Le matin, très tôt, après avoir englouti une dernière tartine de confiture de quetsches, que, le panier à la main, nous partions aux champignons.
Une cueillette de cèpes, de girolles, d’oronges, de rosés ou de trompettes-de-la-mort. Quand sur le chemin du retour, on croisait des promeneurs, elle lançait - immanquablement -, je cite : "Tu les vois ces couillons, après nous, ils ne trouveront rien !"
Les mineurs effectuaient de très durs travaux. En sortant, ils ne se contentaient guère d’un verre de vin en mangeant au bistrot. C’était souvent la bouteille entière qu’il leur fallait. Ils en emportaient de plus une ou deux, lorsqu’ils repartaient affronter les insupportables températures de la fonderie à l’usine.
Il y avait même quelques énergumènes au gosier particulièrement sec qui sifflaient en mangeant non seulement leur bouteille de vin rouge, mais aussi leur chopine d’eau-de-vie blanche pour "consoler" leur café.

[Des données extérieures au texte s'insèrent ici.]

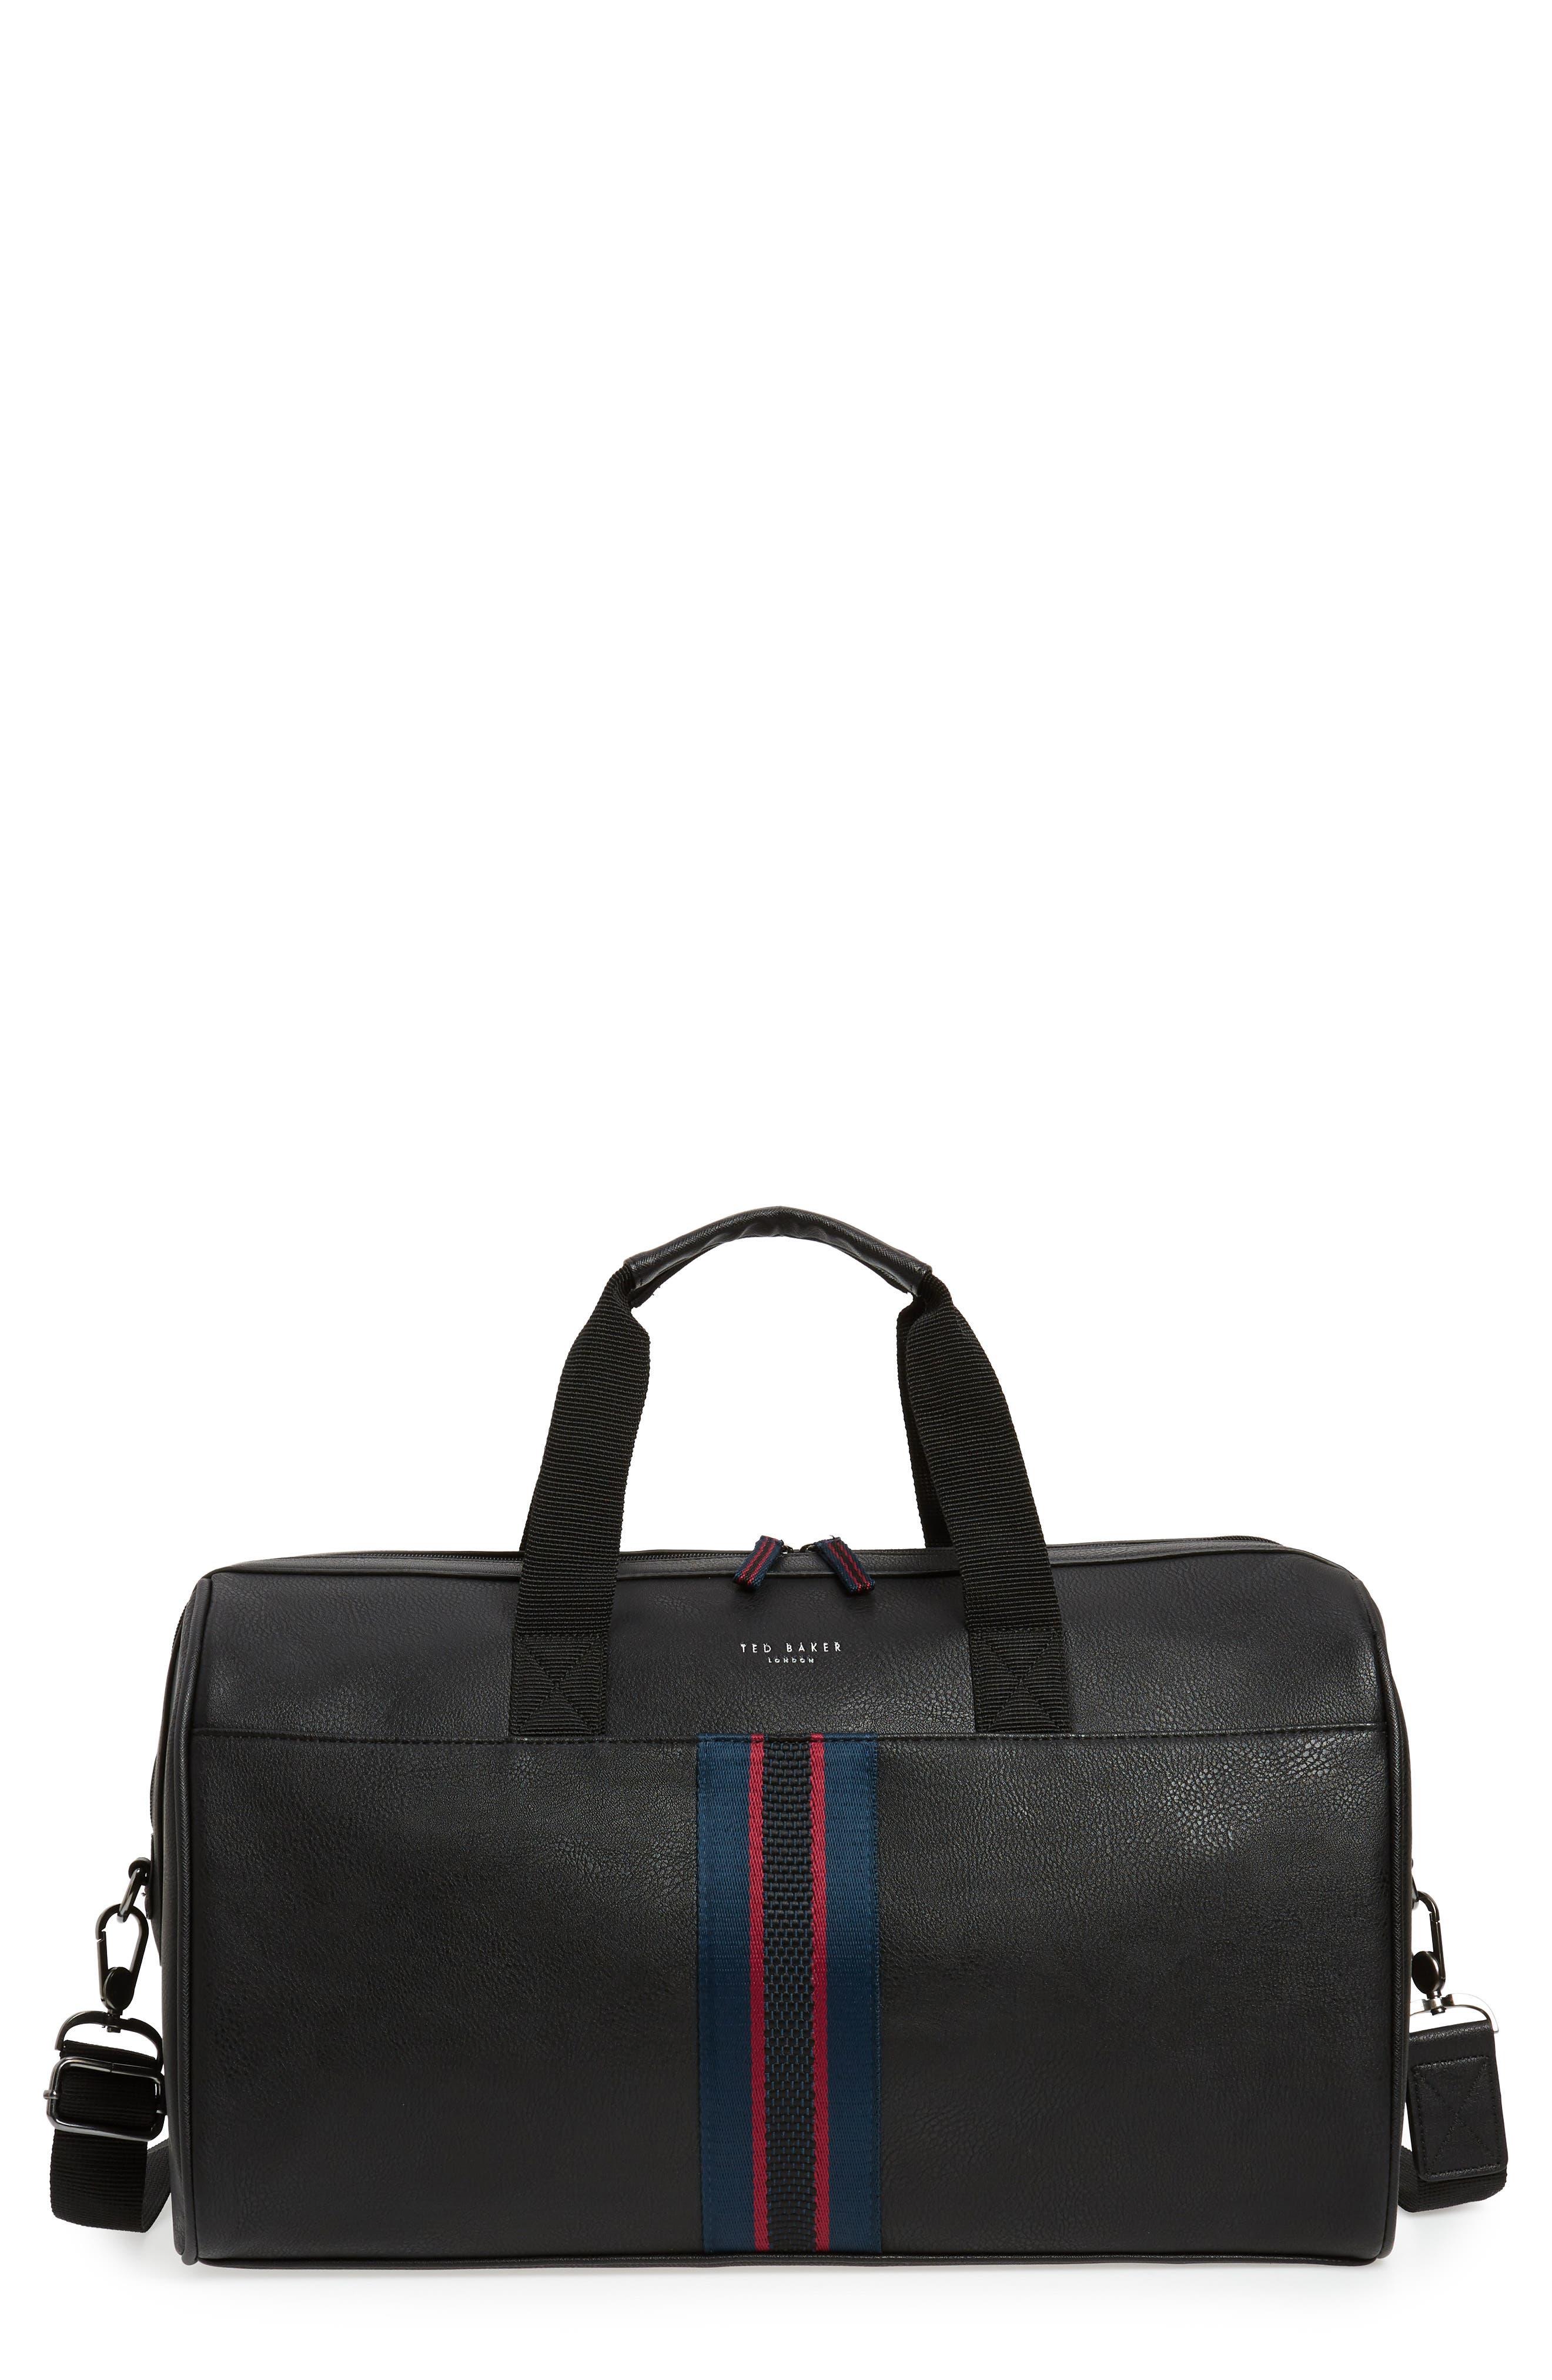 Webbing Duffel Bag,                             Main thumbnail 1, color,                             BLACK
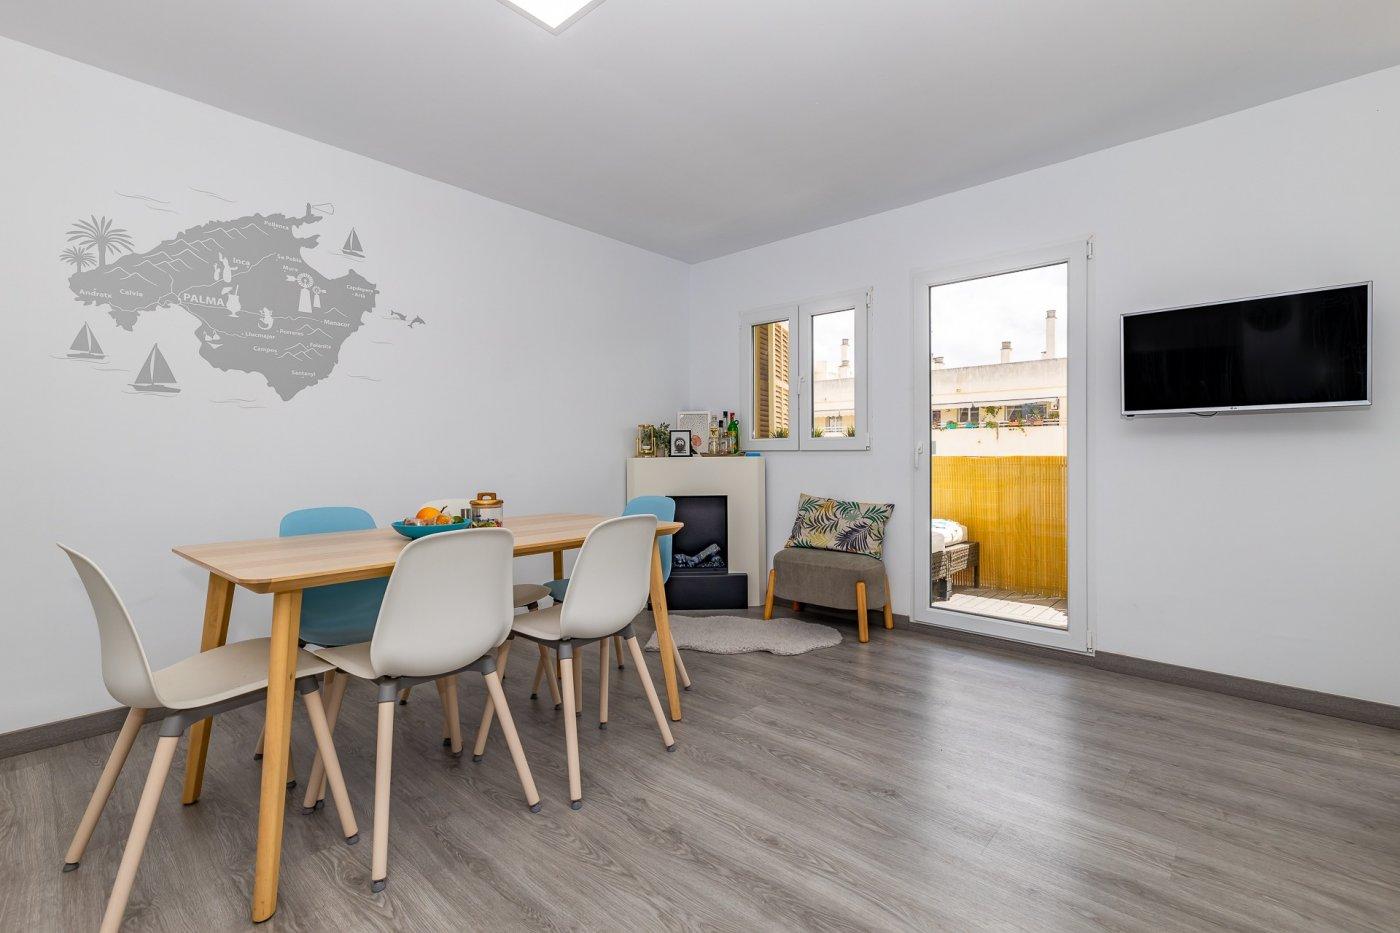 Acogedor piso en zona foners, palma - imagenInmueble3

L’eau minérale au café, nous n’en eûmes jamais. celle de la pompe suffisait largement pour "mouiller le pastis". L’eau de Seltz avec ses jolis siphons bleus ou roses giclait quant à elle d’un coup dans les verres des amateurs de Suze, de Clacquesin ou de Picon. En ce temps, là on servait une barrique de de cent dix litres de vin rouge qui était uniquement vendu au comptoir. cela représentait au moins huit cents verres servis dans la journée !
Il y avait aussi les amoureux à bicyclette qui s’arrêtaient là pour se rafraîchir sous la tonnelle avec un diabolo menthe, une canette de bière, un soda ou encore un panaché. Ses amis, il y avait Pibale le Bordelais, Arendo, Cekom, ainsi surnommé parce qu’il interrompait sans cesse son interlocuteur en lui disant "C’est comme moi !"...
Nous écoutions bon gré mal gré les interminables litanies de La Sardine, si petit et si maigrichon, celles de Camembert - parce qu’il en mangeait un par jour -, ou de Ficelle - parce qu’il en avait plein les poches et qu’il faisait des démonstrations de noeuds de marin aux clients épatés. il y avait aussi la Châtaigne, toujours prêt à en découdre avec le premier qui le contredisait.
L’avocat, un moulin à paroles ou encore Poulet un ancien Rugbyman qui pesait cent-dix kilos et avalait six oeufs au plat et six tranches de jambon tous les matins, avant de pointer à cinq heures à l’usine. Il y avait aussi Picon parce qu’il en buvait dix à quinze par jour avant qu’on ne l’enferme chez les fous à l’asile de Montauban.
Il y avait aussi deux frères, des Polonais qui se démolissaient consciencieusement le portrait, on les appelait Boum et Paf. Ils tournaient à la gnôle. ils ont mal finis, le premier Boum est partit un jour à l’asile de fous, d’où il ne revint jamais. Son frère Michel, ne sachant plus sur qui taper désormais, dépérit tant qu’il en mourut aussi, après avoir absorbé une bouteille de "schnaps" au goulot.
Le long du comptoir, la convivialité s’installait vite. tant de gens ont tant de choses à s’y raconter ! Bien sûr, on y boit aussi, au café, ça fait parti du plaisir. C’est tellement plus agréable de déguster son pastis, sa bière, son mandarin entre copains.
Il n’était pas rare que les mamans envoient leurs rejetons rappeler à leur papa qu’il avait un foyer où il était attendu. C’était souvent le benjamin qui venait tirer son père par la jambe de son bleu de travail était plus ou moins bien reçu.
Souvent plutôt moins que plus... "Va dire à ta maman qu’elle m’emmerde !" ou "Dis à ta mère que celui qui commande, c’est encore moi !" ou bien "Dis à la vieille que si elle continue à me "tartir", elle peut retourner chez sa mère." Le père prenait alors ses copains hilares à témoin : "Ah ! ces femmes."